Could you copy exactly the lines below from the one with "Algerian Air Force" to the one with "mit extrahohem Baumwollanteil", inclusive, leaving out any pictures?

::: Provided entries :::

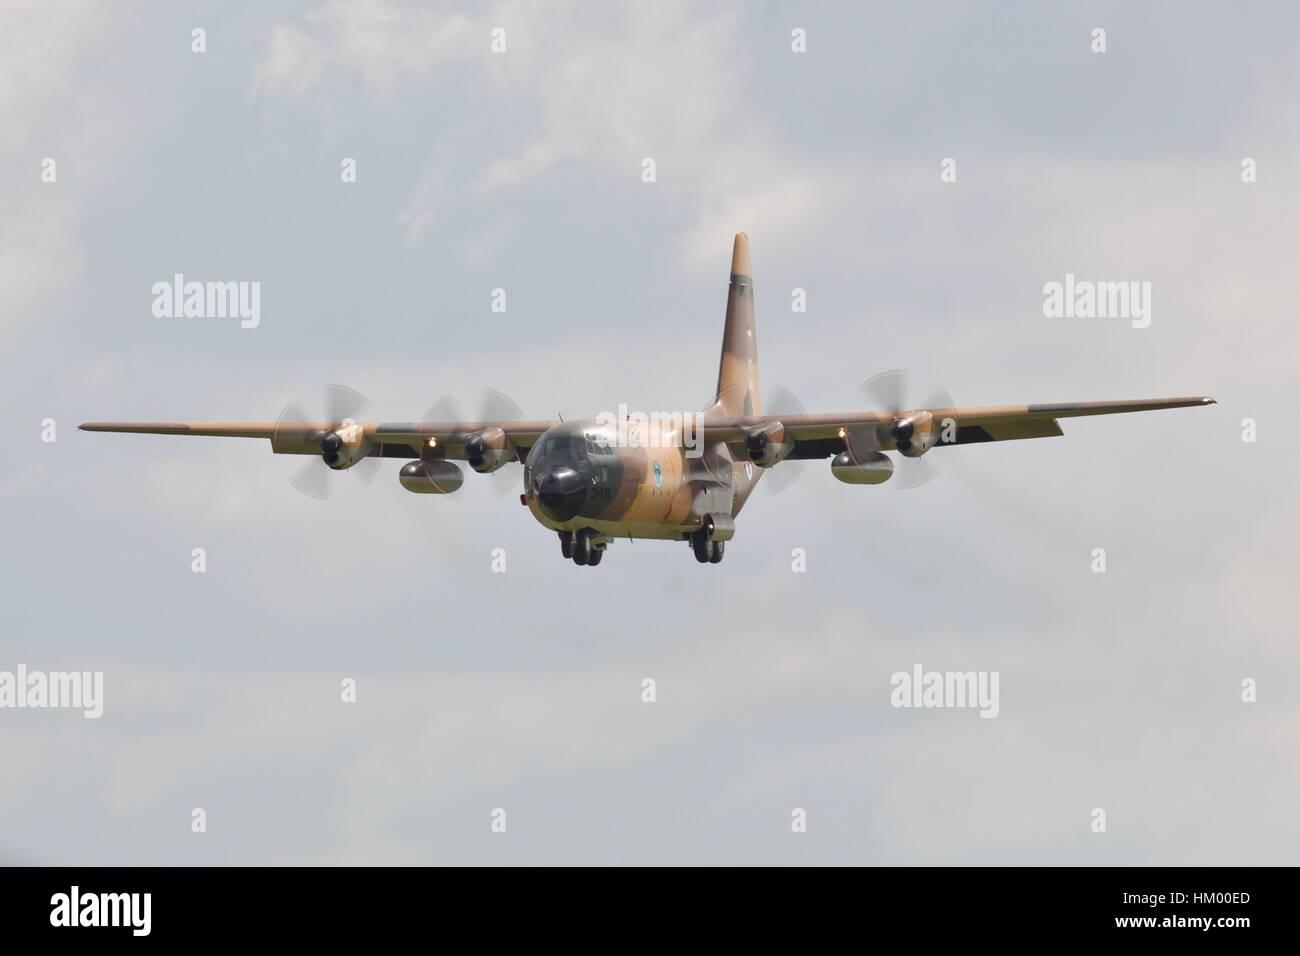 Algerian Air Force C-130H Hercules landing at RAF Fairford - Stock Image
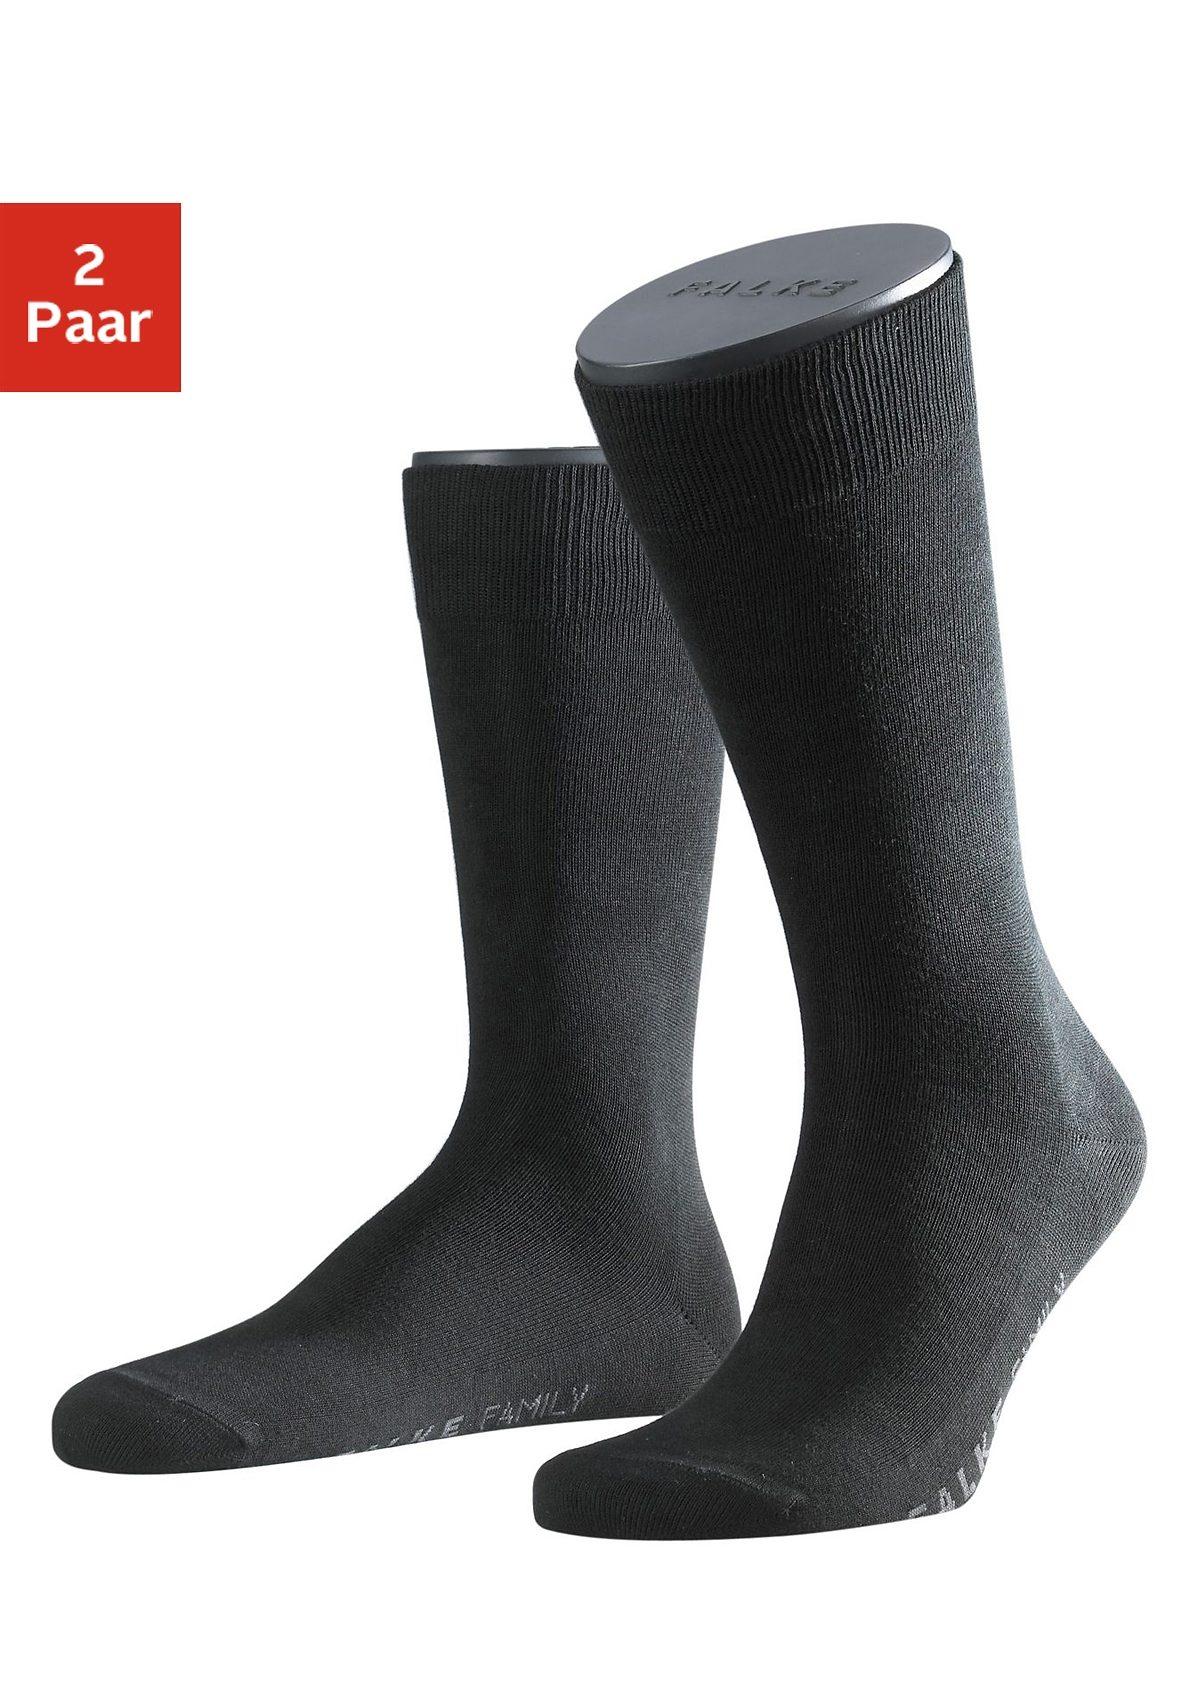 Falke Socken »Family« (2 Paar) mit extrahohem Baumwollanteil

:::
::: Provided entries :::

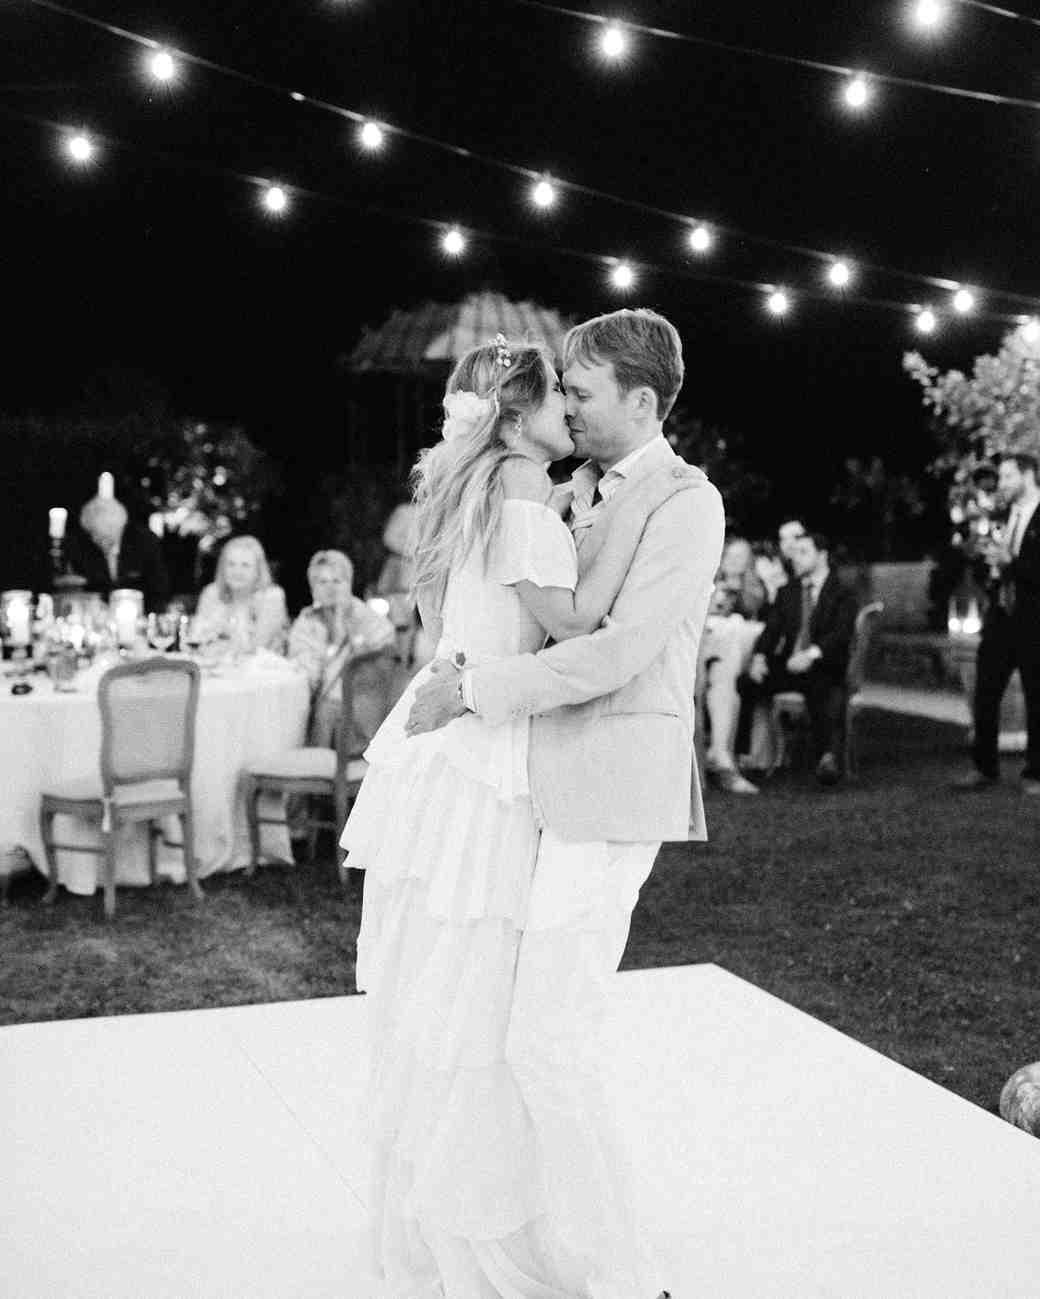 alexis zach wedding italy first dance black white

:::
::: Provided entries :::

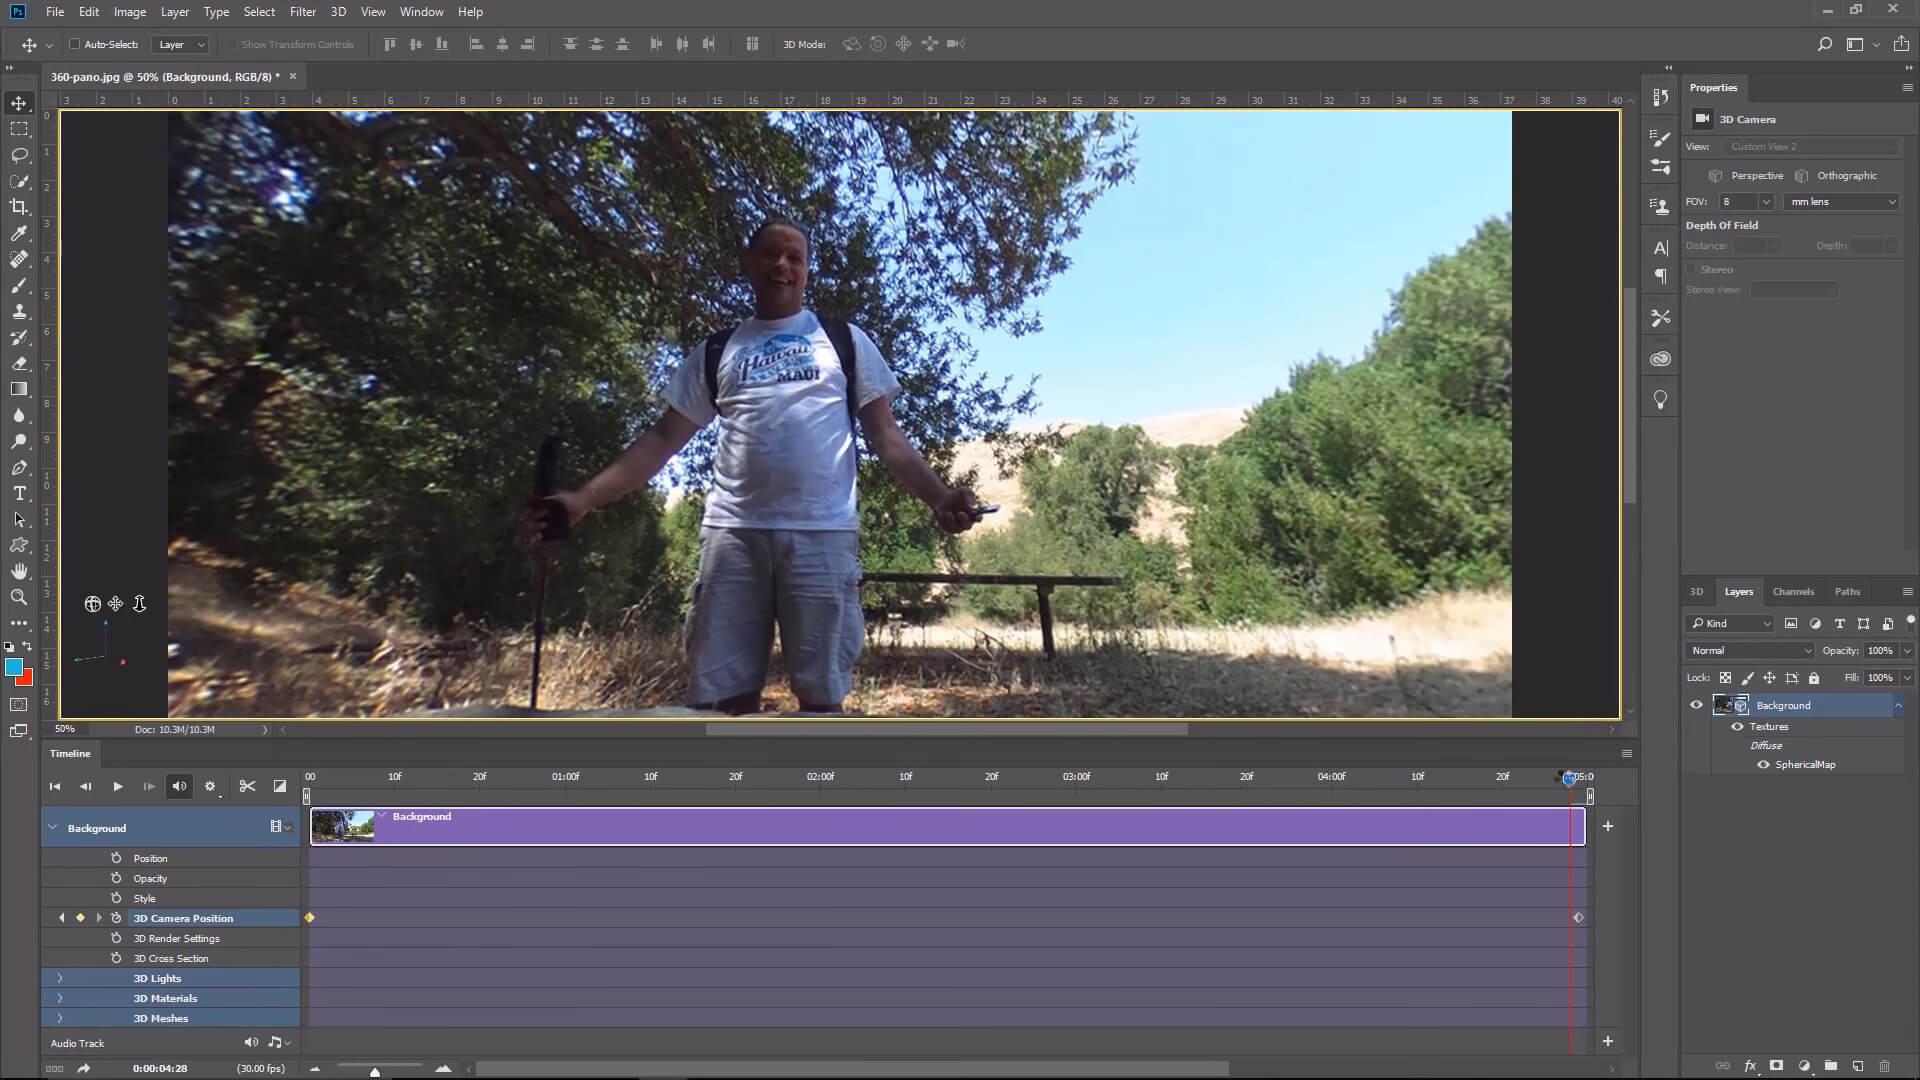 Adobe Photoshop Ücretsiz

:::

Answer section:
 Algerian Air Force C-130H Hercules landing at RAF Fairford - Stock Image
 Falke Socken »Family« (2 Paar) mit extrahohem Baumwollanteil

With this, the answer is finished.